Wednesday, March 22, 2017

Politicise everything

Politics (n.) the activities associated with the governance of a country or other area, especially the debate or conflict among individuals or parties having or hoping to achieve power.
If someone tells you not to politicise anything the government or its opposition does, that person is an enemy of democracy. Anything to do with the national revenue and how it is spent is a political matter and politicising it is the right thing to do if only to inform the people of the motivations for a particular government policy.

For example, the Commander-in-Chief, in response to the situation in Laikipia, has ordered the deployment of the Kenya Defence Forces to the area in order to "stop the banditry." The President's supporters will argue that the security situation has deteriorated to such a state that ordinary and extraordinary policing tactics are insufficient and that only the army can restore peace and order. The President's opponents will argue that the timing of the deployment is suspicious because many of the alleged victims of banditry have not been offered any help; only those victims of British origin have.
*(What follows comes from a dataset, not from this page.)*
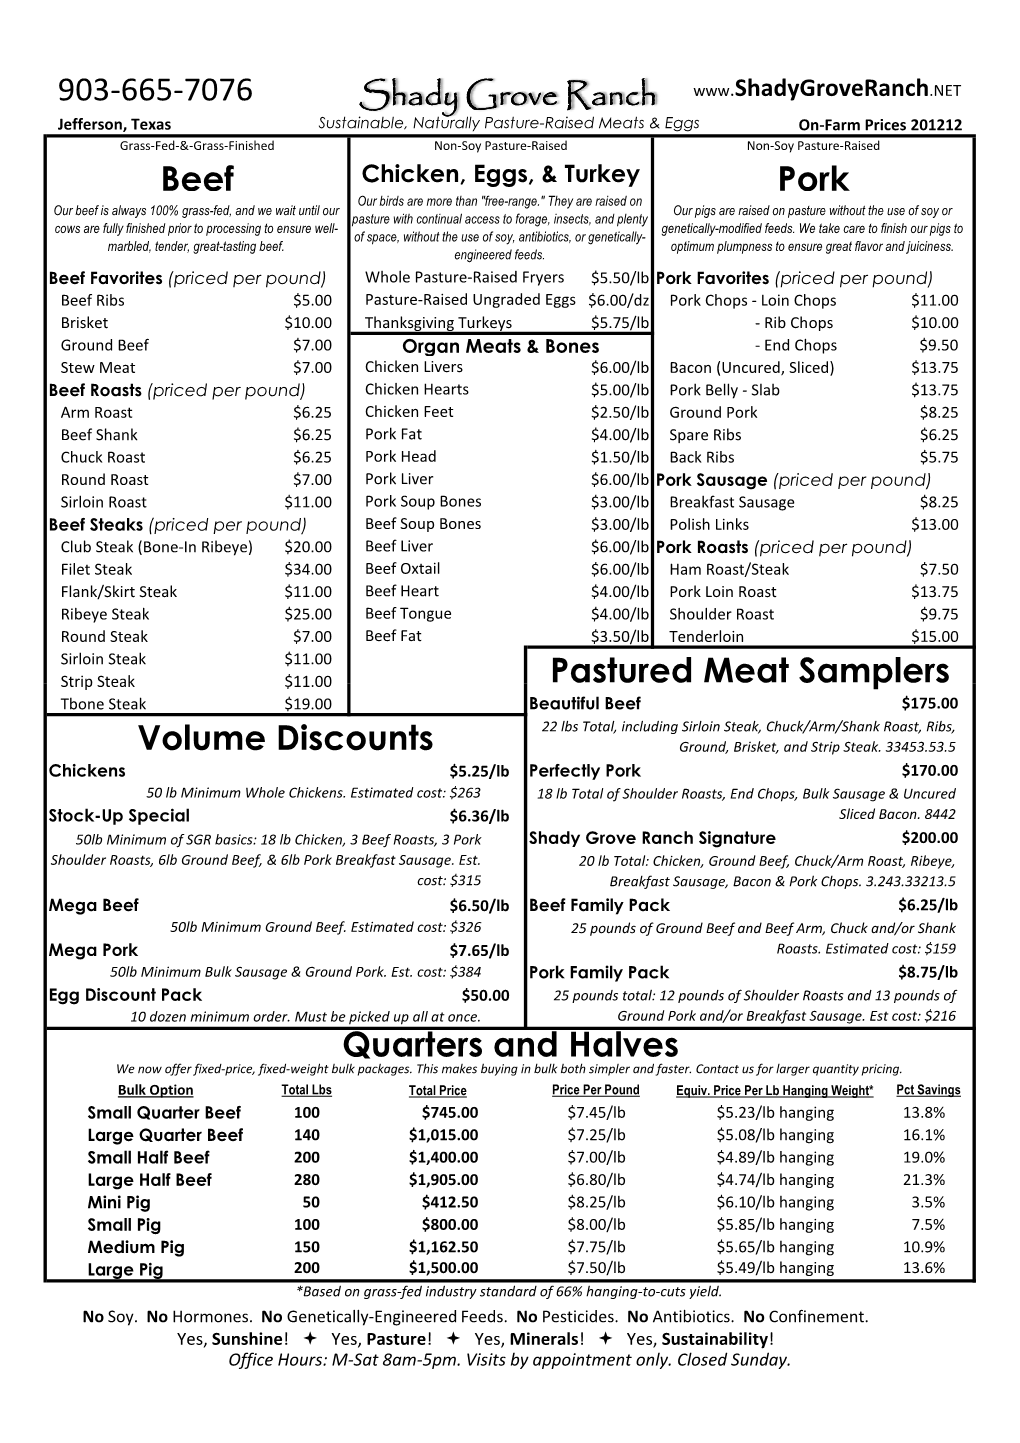 201210 Meat Sampler Price Worksheet

Both may be right and it is to politics that the rightness or justness of a position will receive the implicit or explicit imprimatur of those being governed.

In Kenya our problem has never been the politicisation of issues but that those doing the politicising are frequently bad politicians. Their politicisation of issues are frequently not about ultimately achieving power but "destroying" their "enemies". Few of them have the true politicians' ambition of achieving presidential power; many of them are interested in the rent-seeking opportunities their political positions afford them especially when it comes to the tenders that the government floats for major works.

For this reason, much of the politicisation of issues that takes place is designed to paint individuals and ethnic communities in stereotypical colours: this community is full of thieves, that community is full of watchmen and cooks, that other community is full of terrorists, the other community if made up of bandits, and so on and so forth. In this way, there is no need to discuss issues of power-allocation or resource expenditure. It is then possible to hide ones true intent: a piece of the tender that the government is floating.

The victims of these machinations don't see themselves as double victims of the corruption that is engendered or the stereotyping they are subjected to. If "their man" prevails over one of "those people", they are persuaded that their community has won. If their man loses, so too does their community. And thus, whenever their man declares that a matter should be "politicised", they offer him their full-throated support.